Ok, so it seems like every time i go out cycling I see at least 6+ people wearing the full Webcor Jersey/Short combo. I've been on their website and am convinced most of these people are just sporting the goods...is this generally true? I have no moral objection to it, it just seems strange that there would be sooooo many jerseys in Palo Alto/Menlo Park alone when the team is fairly small.


----------



## mytorelli (Dec 19, 2004)

yeah... i agree im not sure if they have like a junior team, a pro team, and a club or if everyone is just buying their clothing???


----------



## ericm979 (Jun 26, 2005)

There is a Webcor pro team. There's a Webcor women's team (national level). And a Webcor club.

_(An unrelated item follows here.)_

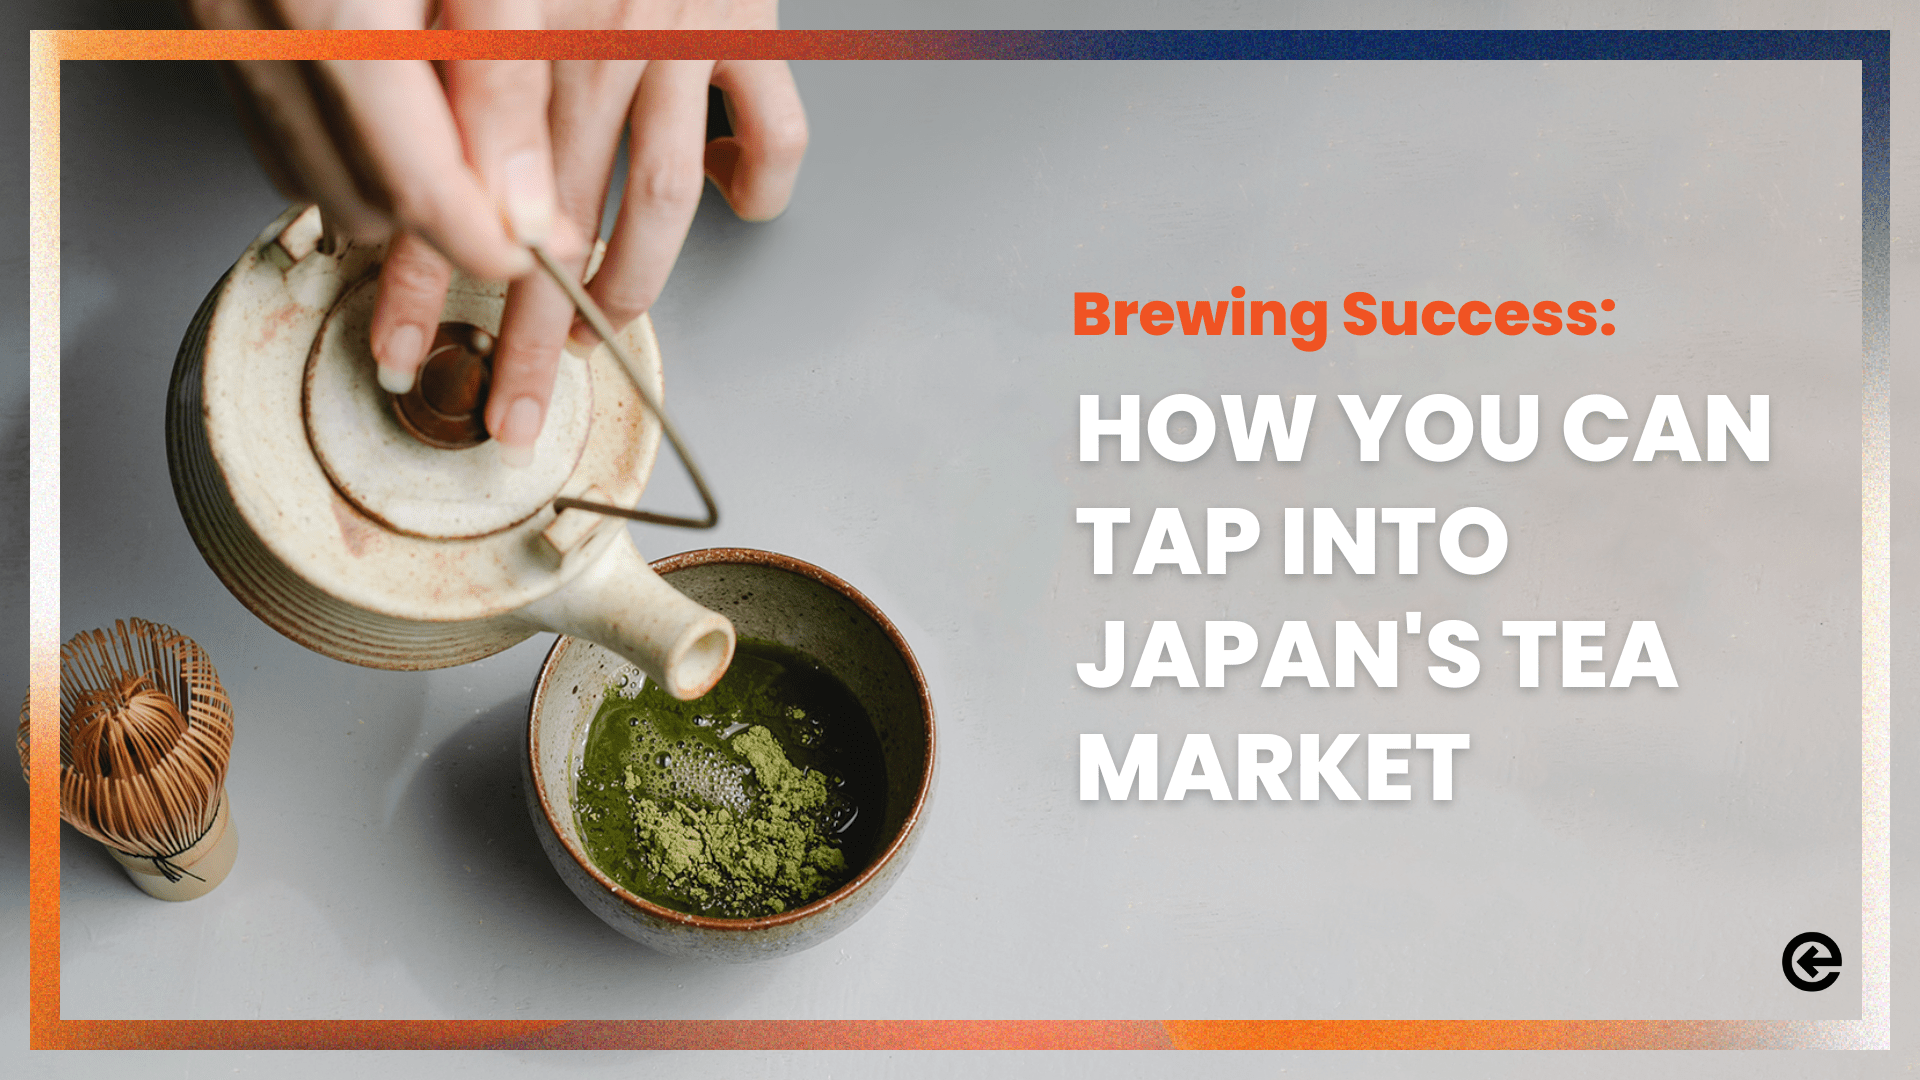 Erfolgreich brauen: Wie Sie den japanischen Teemarkt erschließen können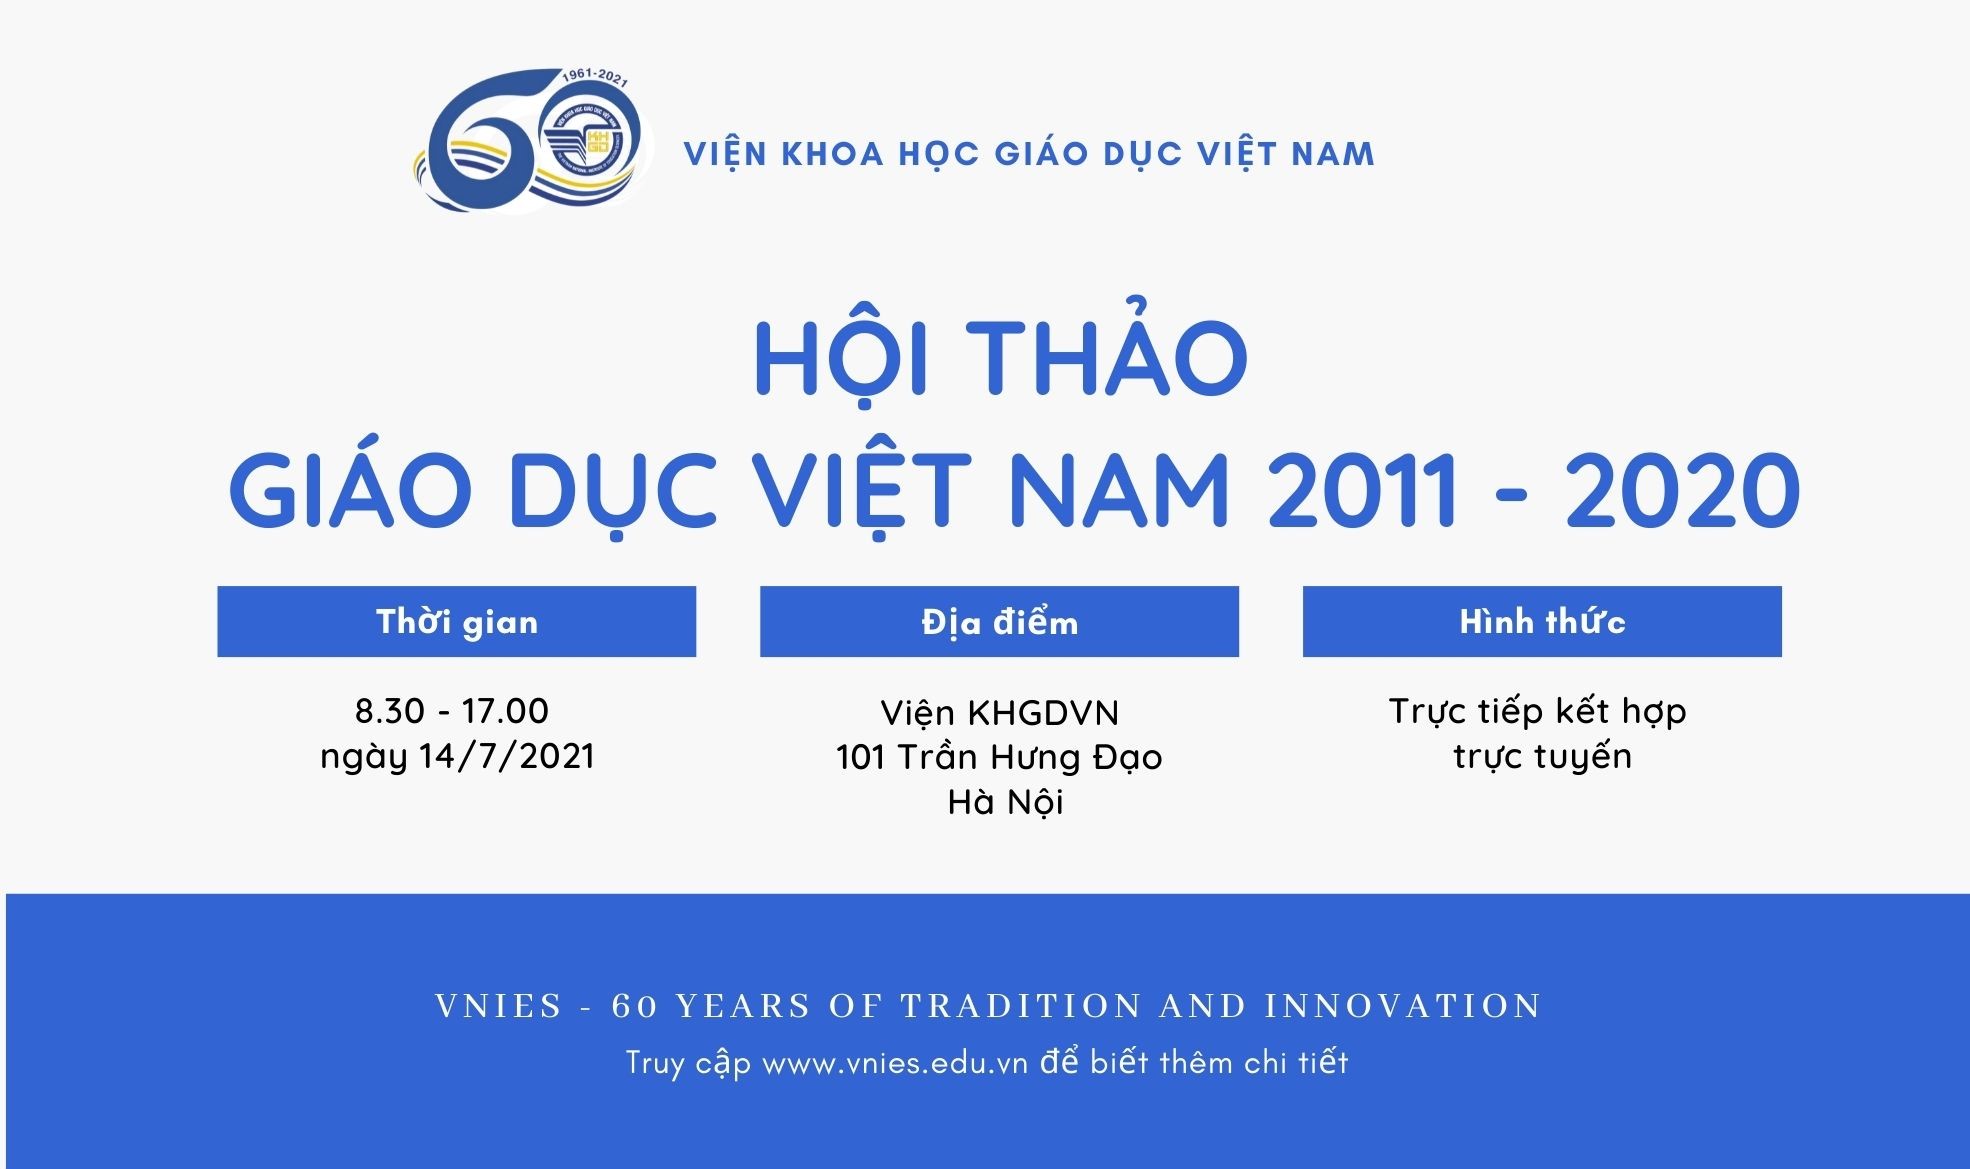 Thông báo Hội thảo Giáo dục Việt Nam 2011 - 2020

Or rather Webcor is a main sponsor for all those. The club is AltoVelo. There's about 300 members and it's based in the palo alto area. So I expect that most of the "Webcor" riders you see are AV club members.


----------



## avanides (Aug 5, 2005)

Ah, thanks for the clarification. All this time I thought it was just a bunch of wanna-be pros.


----------



## singlespeed.org (Feb 14, 2006)

avanides said:


> Ah, thanks for the clarification. All this time I thought it was just a bunch of wanna-be pros.


I've done some rides with the "club" over the years, and don't be fooled - they have some fast MOFOs. On the Thursday night ride they have (or had - been a while since I went to it), I would get dropped about half the time. And this is back when I raced Expert mountain bike, and spent a significant amount of time on the road (though never raced enough to move up from Cat 5).


----------



## Francis Cebedo (Aug 1, 2001)

Webcor has pro team and an amateur team/club with about 500 paying members. It is one of the biggest clubs around.

There's a an AltoVelo mailing list in Yahoo Groups that's very active. A lot of local information is shared and lot of rides are organized.

For amateur racing, they comp race entries a lot for placing well. Also, if your team mate places in the top, you get comped too. Something like that. It encourages folks in the group to work together in a race.

The club dominates the local races since they always have more riders than any other team. This allows them better tactics. There's sometimes a resentment against them because they have superior numbers in races.

All in all, it's a great team with racers of all speeds. They're very open to new members and are very active in the community.

I'm a silent member and got a bunch of friends there.

francois


----------